PROBLEM STATEMENT
Of all the lines in the entries, how many carry the word "Logo"? The reply is that number and no more.

DATA FOR REVIEW
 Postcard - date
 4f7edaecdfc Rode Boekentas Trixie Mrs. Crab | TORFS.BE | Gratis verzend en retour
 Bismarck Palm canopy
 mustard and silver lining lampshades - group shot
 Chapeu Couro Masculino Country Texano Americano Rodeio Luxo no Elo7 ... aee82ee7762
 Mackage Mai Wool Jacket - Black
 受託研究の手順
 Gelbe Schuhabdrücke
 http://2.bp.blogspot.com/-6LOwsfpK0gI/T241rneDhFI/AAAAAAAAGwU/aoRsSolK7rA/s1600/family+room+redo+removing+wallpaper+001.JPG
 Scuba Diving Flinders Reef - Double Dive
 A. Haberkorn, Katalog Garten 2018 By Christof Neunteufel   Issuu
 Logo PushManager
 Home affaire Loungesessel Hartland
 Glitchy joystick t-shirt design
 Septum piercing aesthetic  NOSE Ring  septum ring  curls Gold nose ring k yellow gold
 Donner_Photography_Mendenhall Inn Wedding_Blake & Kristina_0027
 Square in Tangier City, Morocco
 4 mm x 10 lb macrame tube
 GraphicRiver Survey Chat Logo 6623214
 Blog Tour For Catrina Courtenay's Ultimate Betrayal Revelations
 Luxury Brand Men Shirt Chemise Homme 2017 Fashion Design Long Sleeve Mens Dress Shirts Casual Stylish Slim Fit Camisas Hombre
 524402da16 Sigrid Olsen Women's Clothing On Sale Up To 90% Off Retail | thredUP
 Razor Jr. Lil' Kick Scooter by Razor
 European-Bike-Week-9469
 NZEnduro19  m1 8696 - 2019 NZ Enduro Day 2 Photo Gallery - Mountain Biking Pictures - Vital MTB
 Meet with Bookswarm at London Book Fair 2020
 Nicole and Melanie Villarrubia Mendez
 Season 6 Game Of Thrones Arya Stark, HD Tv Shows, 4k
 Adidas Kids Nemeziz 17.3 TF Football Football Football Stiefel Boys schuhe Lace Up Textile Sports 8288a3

RESPONSE TO THIS EXERCISE
2